Should? Not really. Technically, it's not part of the job description for a basic overload relay. Some Solid State OL mfrs will ADD that feature, but if they didn't, they could still call their product an overload relay.
IEC bimetal overload relays CLAIM to "protect" motors from phase loss or imbalance, but not really. Here's how that all works:
A phase loss can be described as a full phase current imbalance, as unbalanced as it can get really. When there is any phase current imbalance, there is created, in the stator and rotor, what are called "negative sequence currents" that circulate in the circuits doing no productive work. In fact, the negative sequence currents create negative torque pulsations, so in essence your motor begins to "fight itself" a little bit. That then means that you have more current flowing into the motor adding heat to it, but not producing useful work. That heat is NO LONGER COMMENSURATE TO THE EXPECTED HEATING OF THE MOTOR DUE TO NORMAL CURRENT DRAW. It is superfluous heating.
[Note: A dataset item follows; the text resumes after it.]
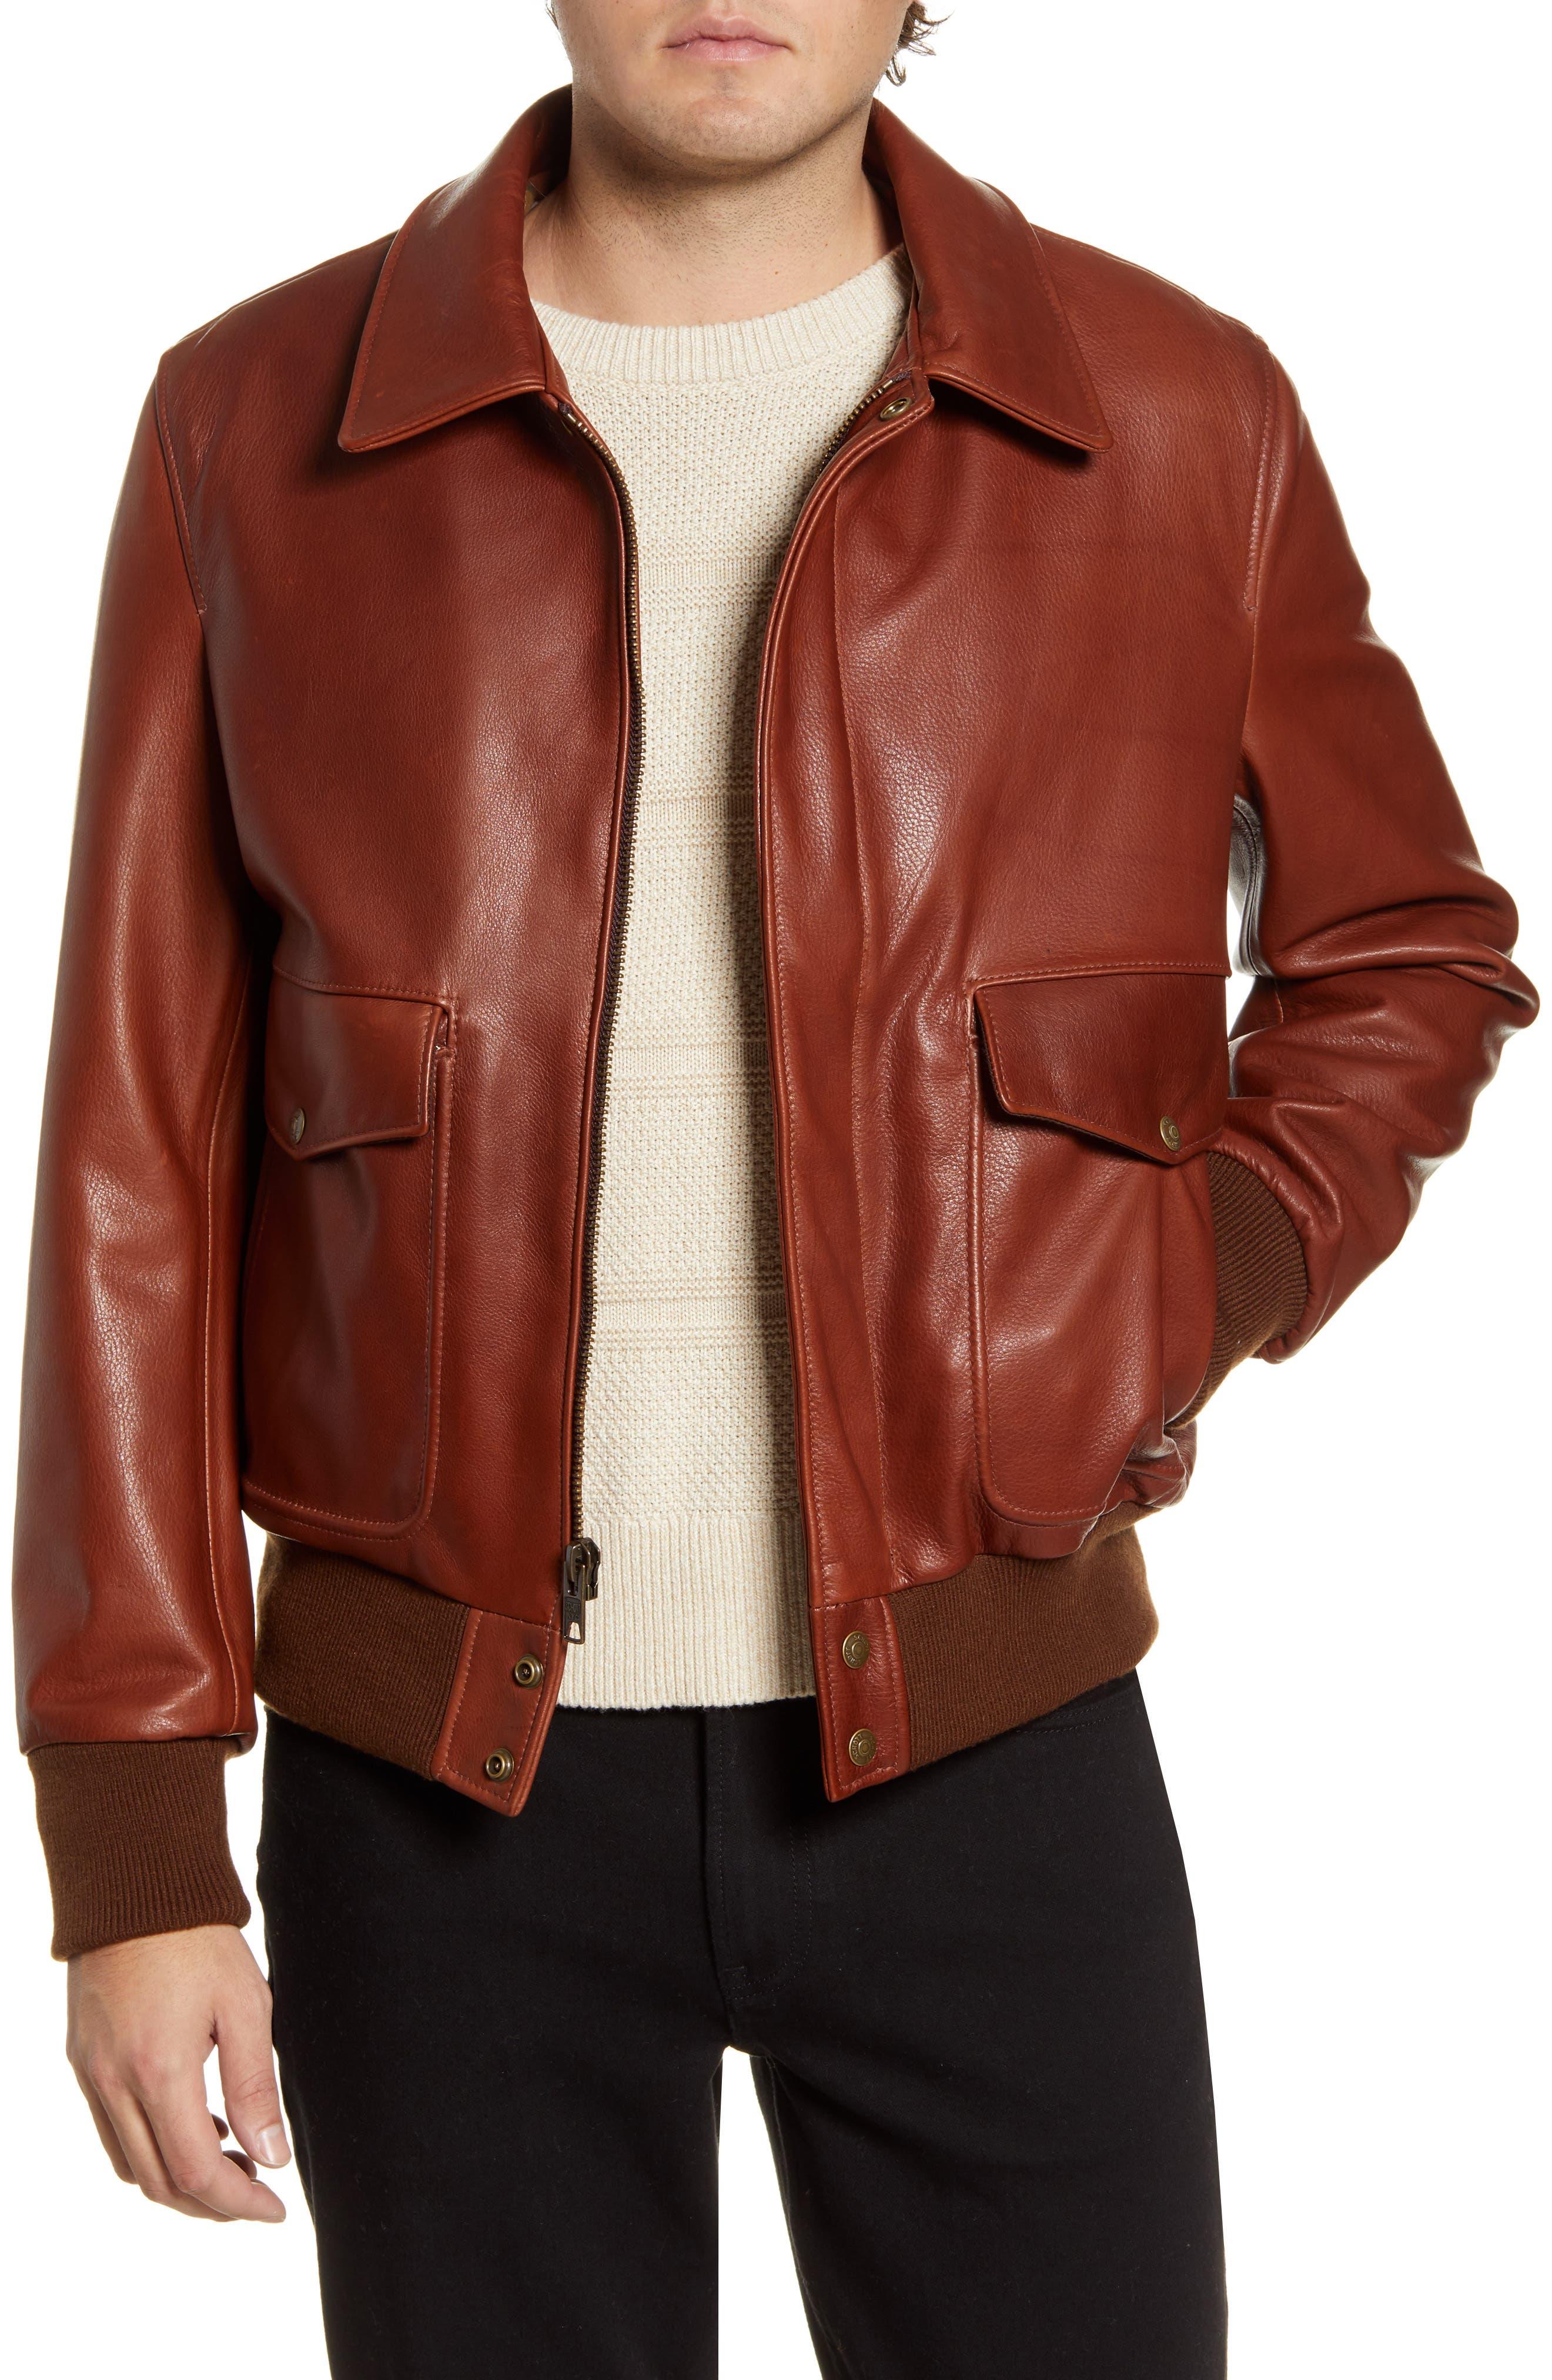 1920s Men's Coats & Jackets History Mens Schott Nyc Pebble Texture Leather Bomber Jacket $825.00 AT vintagedancer.com

Normally, an Over Load Relay senses current as a way to DETERMINE the heating going on inside of it, based on motor modeling design specifications. So as a basic rule, an OL relay does not know if the current flowing in is creating MORE heating than is should. Basic NEMA style OL relays are like this, they ONLY look at actual phase current flow. So under a phase loss or imbalance situation, if the current flow is still below the I
2t trip curve, it's happy and nothing happens. It has no idea that the current is only flowing in 2 phases and therefore is heating the motor up disproportionately to the standard motor model. That means a motor CAN BE THERMALLY DAMAGED under a phase current imbalance, and the OL relay may NEVER trip.
In the IEC Bimetal OL relays that supposedly have "phase loss protection", what they really have is phase current differential compensation. There is a spring loaded balance bar inside and the pressure exerted by all three current sensors is equalized against the spring pressure. If one phase is lost, the pressure is no longer equal, and the trip point of the relay is skewed to be lower than the setting. The point of this is to compensate for the added heating effects caused by the imbalance, but it does NOT actually "trip on phase loss" as they lead you to believe. The problem is, if the motor is lightly loaded and thus not drawing much current, this may not be enough compensation; the motor may still continue running on a phase loss and getting too hot even though these bimetal OLs are skewed to trip earlier.
As to Phase Monitor Relays, Phase Reversal is extremely uncommon unless it involves portable equipment or the use of emergency generators. So usually it's not worth worrying about. But one thing most of them never tell you is that voltage based Phase Monitors can be fooled by the regenerated voltage on the lost phase coming from a motor that was already spinning when the phase was lost. If you've ever heard of "rotary phase converters" it's the same phenomenon. Unfortunately losing a phase while something is running is the case more often than not. So a voltage based Phase Monitor only works reliably to prevent the NEXT restart, not necessarily to take a motor off-line WHEN a phase is lost. Current based Phase Loss / Imbalance protection is far far more reliable.
That's why I like Solid State OL relays better, and recent developments have provided options that make some of them very close to the same cost as bimetal anyway. In SSOLs, they look at the actual current in each phase and if any one phase drops below a threshold, they trip. Simple and reliable. If you use SSOLs you really don't need additional Phase Monitor Relays.